“Uterus”, Peta Perjalanan, dan Kehidupan
Kebiasaan saya membaca buku dan koran sastra di hari Minggu banyak mempertemukan saya dengan puisi, cerpen serta novel dari dalam maupun dari luar negeri. Kedung salah satunya. Kedung Darma Romansha adalah nama yang sudah tidak asing lagi di khazanah sastra Indonesia.
Lelaki romantis kelahiran Indramayu ini pernah mengenyam pendidikan di Universitas Negeri Yogyakarta (UNY). Kedung banyak menulis puisi yang dipublikasikan di media lokal maupun nasional, karya-karyanya juga tergabung dalam beberapa antologi bersama.
Selain menulis puisi, Kedung juga menulis novel. Novel pertamanya yang perjudul Kelir Slindet diterbitkan oleh Gramedia Pustaka Utama, 2014.
Sebagai penyair, Kedung terus berproses menemukan bahasa yang nyaman dalam menulis puisi. Alhasil, Kedung berhasil membuat formula bahasa dari akulturasi budaya yang dia alami selama menempuh peta perjalanannya. Akulturasi budaya yang saya maksudkan adalah percampuran antara tradisi-tradisi yang terjadi pada masa kecilnya di Indramayu dengan masa dewasanya di Yogyakarta.

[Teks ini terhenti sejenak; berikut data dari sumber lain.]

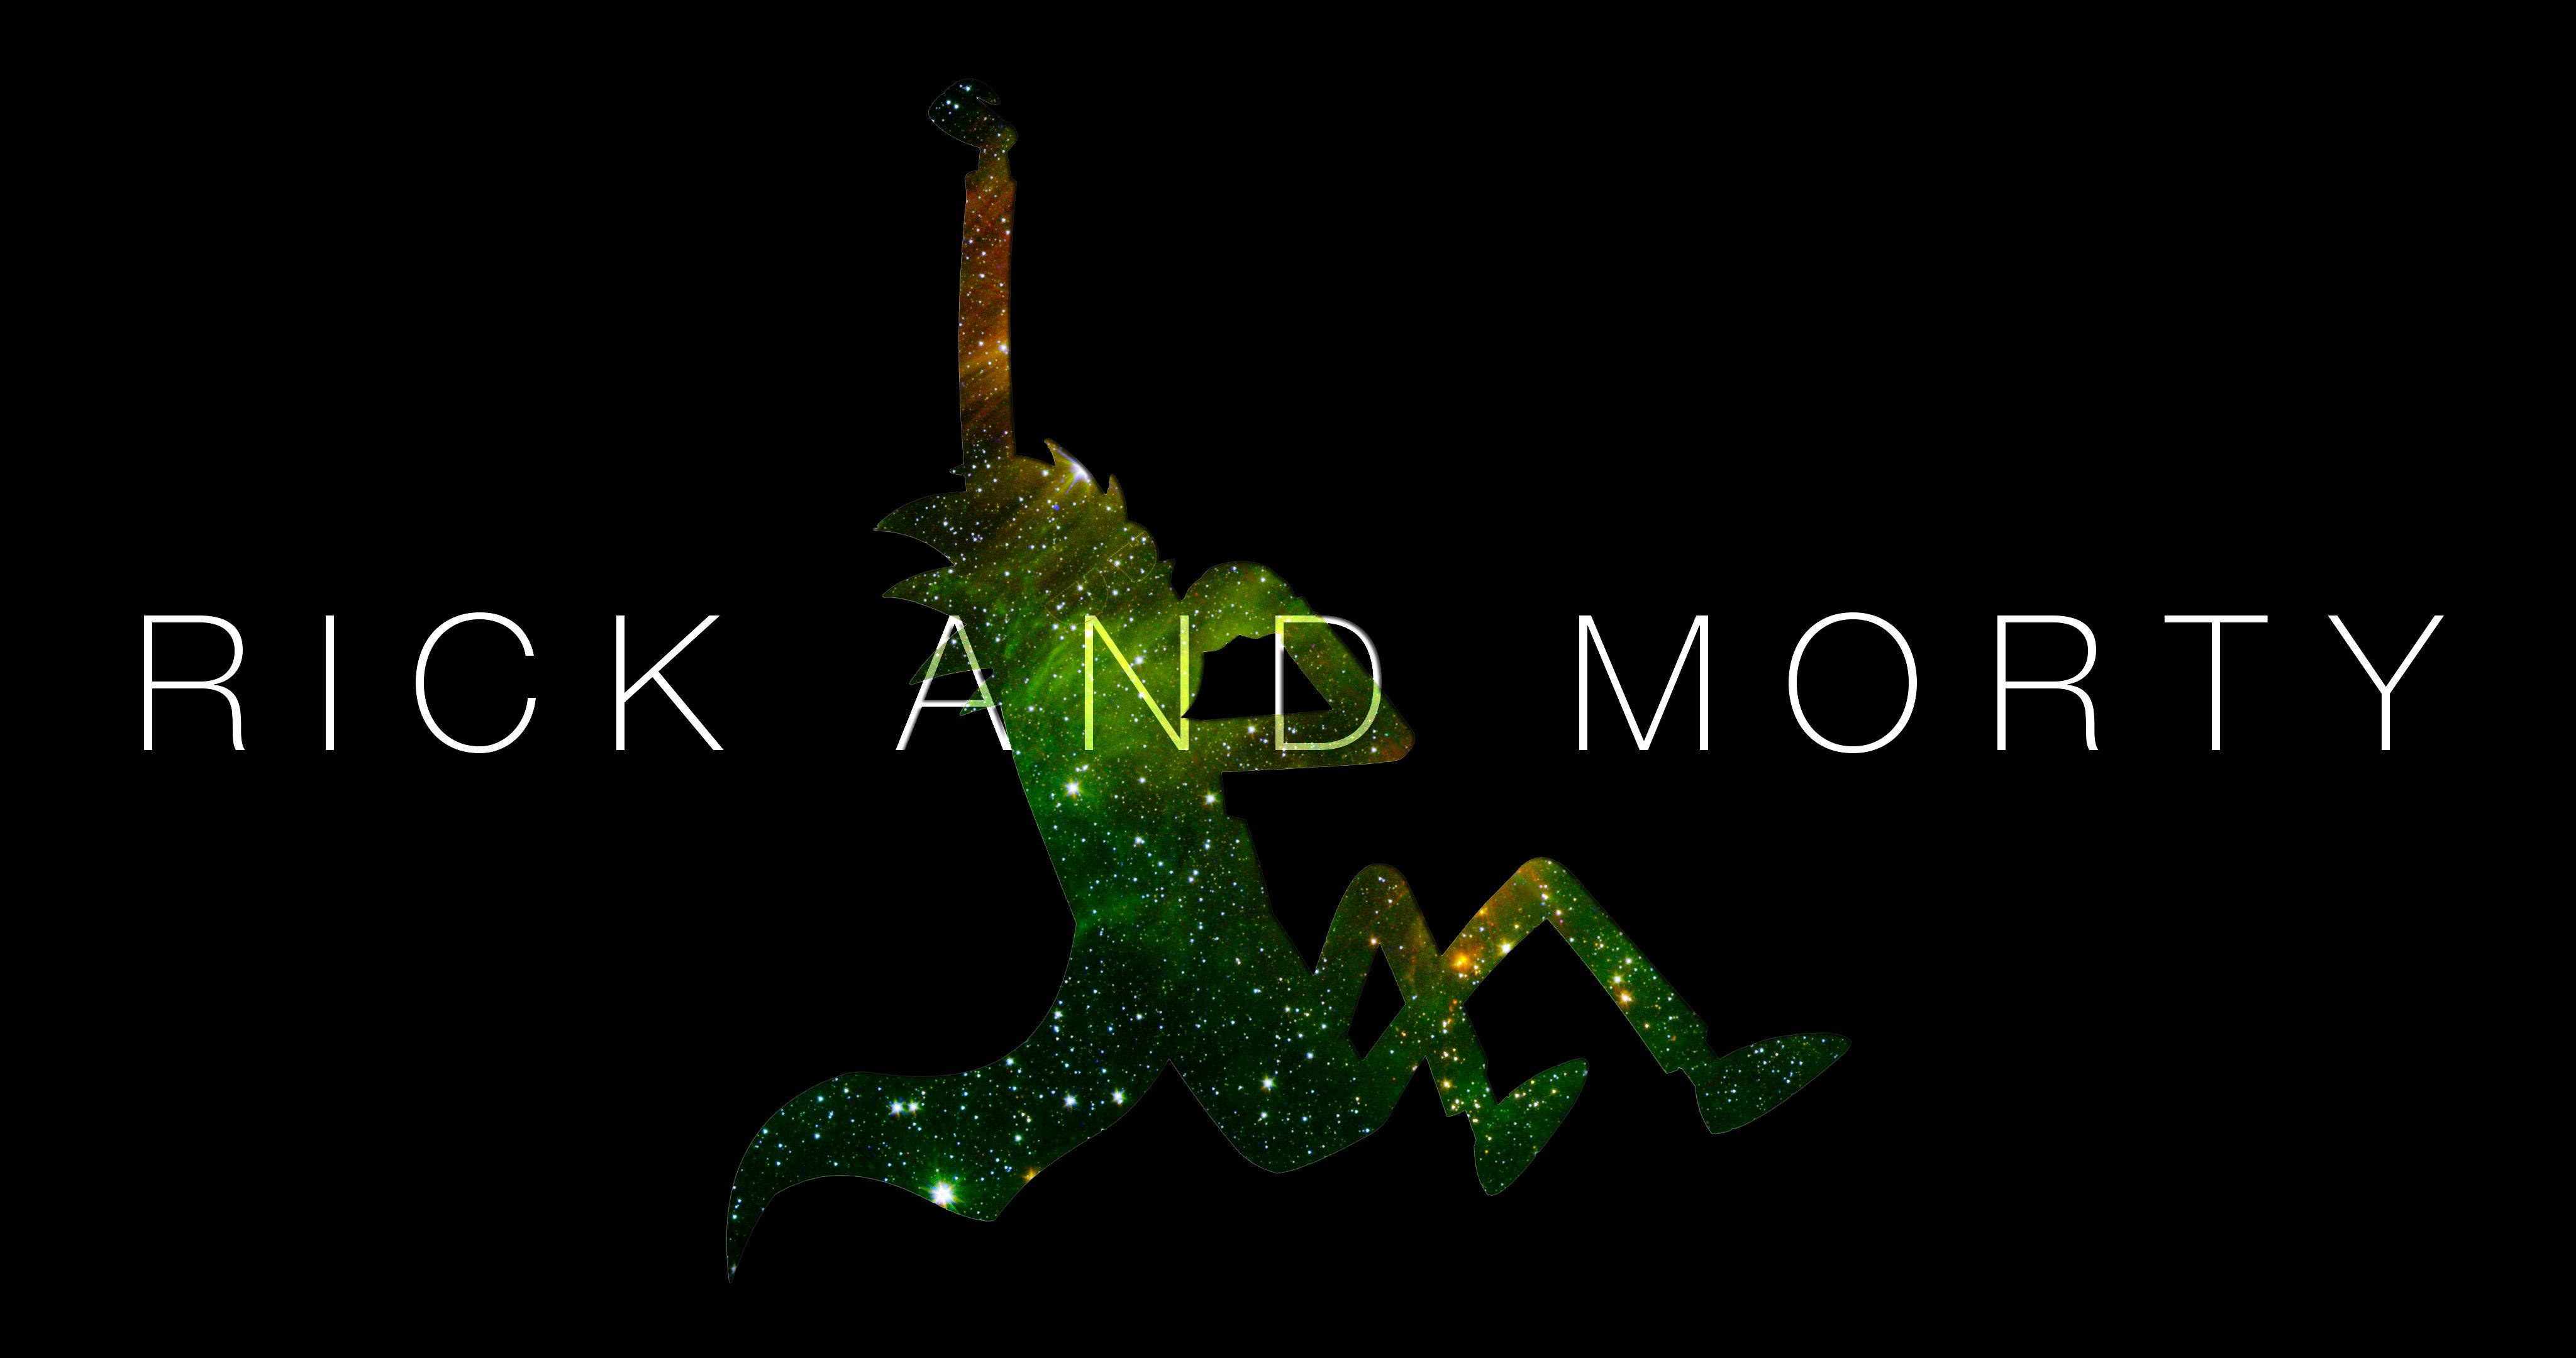 Download Black Minimalist Rick And Morty 4k Wallpaper 
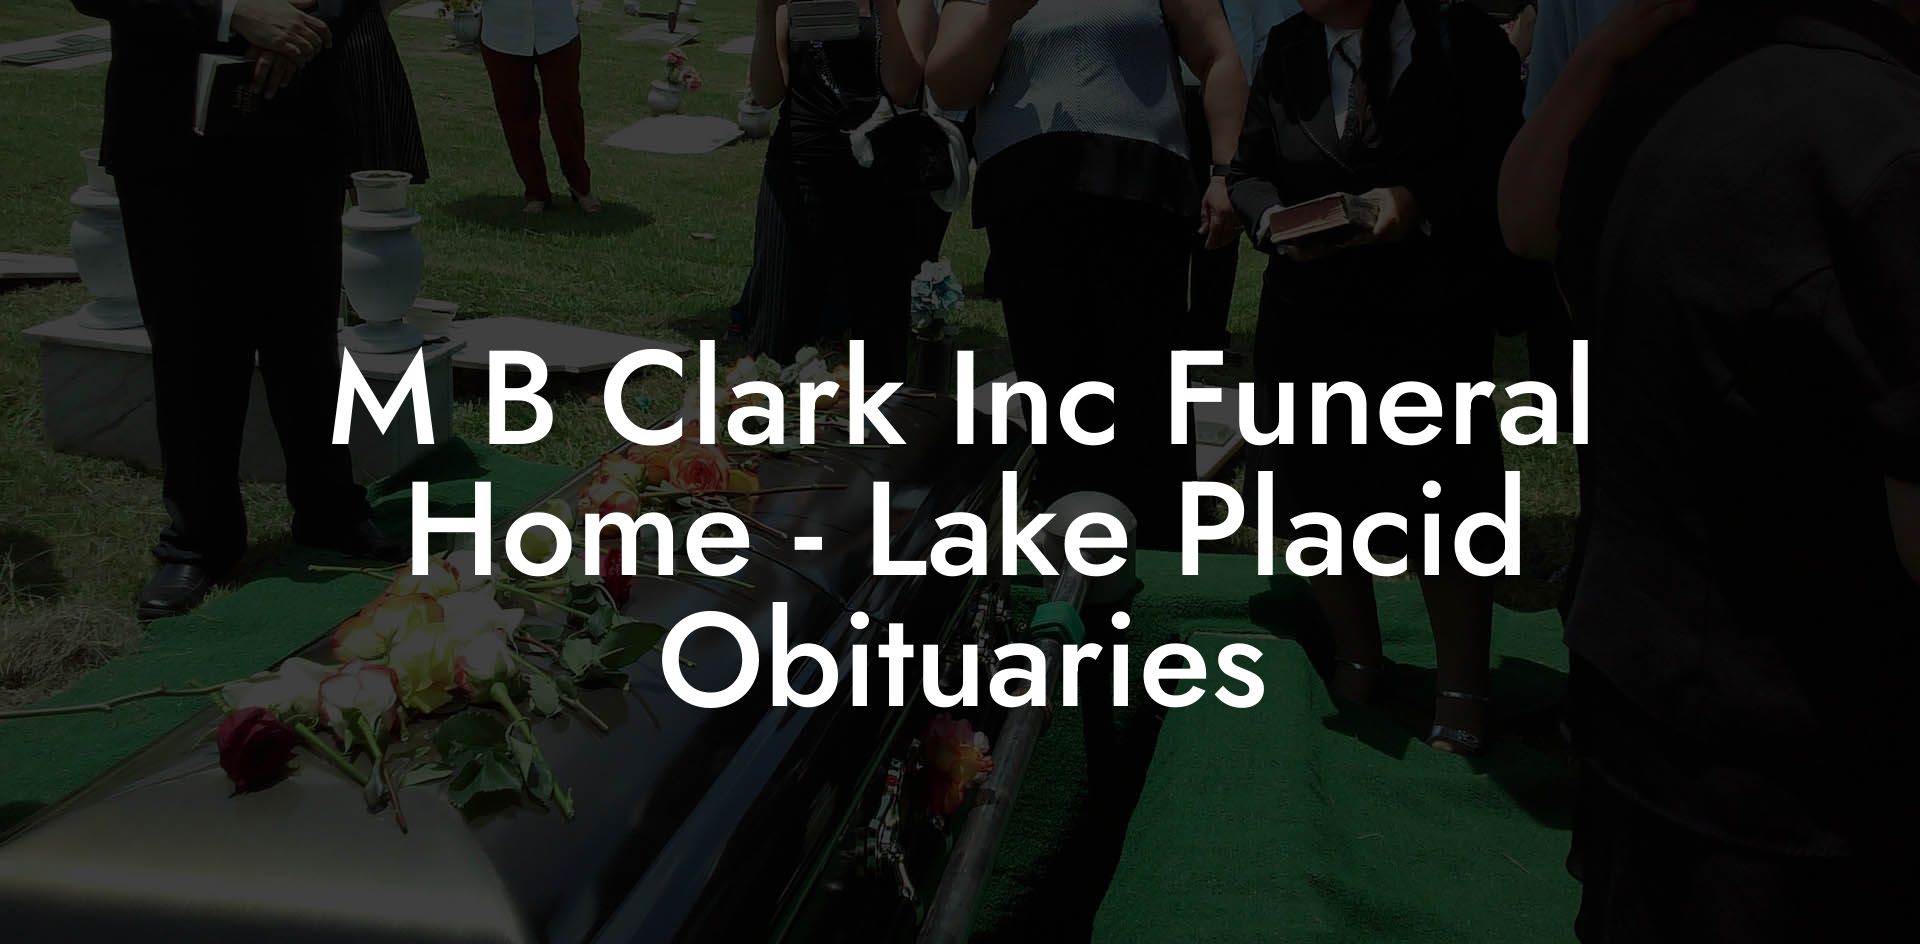 M B Clark Inc Funeral Home - Lake Placid Obituaries

Selain itu, Kedung juga mengalami masa pendidikan di pondok pesantren dan universitas. Akulturasi budaya yang dialami Kedung bukan dari segi kedaerahan saja, melainkan dari segi pendidikan pun dialaminya. Terlihat cara Kedung memainkan kritik lewat bahasa yang dianggap nyaman olehnya:
rasakan perasan keringatku
di gelas teh hangat
sambil duduk manis
nonton gosip selebritis,
iklan coca-cola, pepsi,
dan berita korupsi
yang tak pernah mati.
di sebuah pagi yang cerah
april yang basah
(Penggalan puisi “Tebu”)
Sebagai individu, Kedung masih mengingat tebu yang sering dijumpainya sewaktu masih kanak-kanak maupun beranjak remaja. Tebu yang selalu dirayakan ketika akan digiling menjadi gula serta es tebu yang mungkin selalu ia minum bersama kekasihnya. Sebagai seorang mahasiswa, Kedung mendapatkan kecemasan serta kegelisahan tentang realitas sosial. Puisi yang berjudul “Tebu” dapat mewakili perasaan Kedung dari akulturasi budaya yang ia alami.
Kumpulan puisi yang berjudul Uterus (Penerbit Gambang, 2015) telah mewakili keseluruhan puisi yang ada pada buku ini. Uterus menjadi wadah proses kehidupan. Oleh karena itu, perempuan banyak diangkat dalam puisi-puisi Kedung pada antologi ini.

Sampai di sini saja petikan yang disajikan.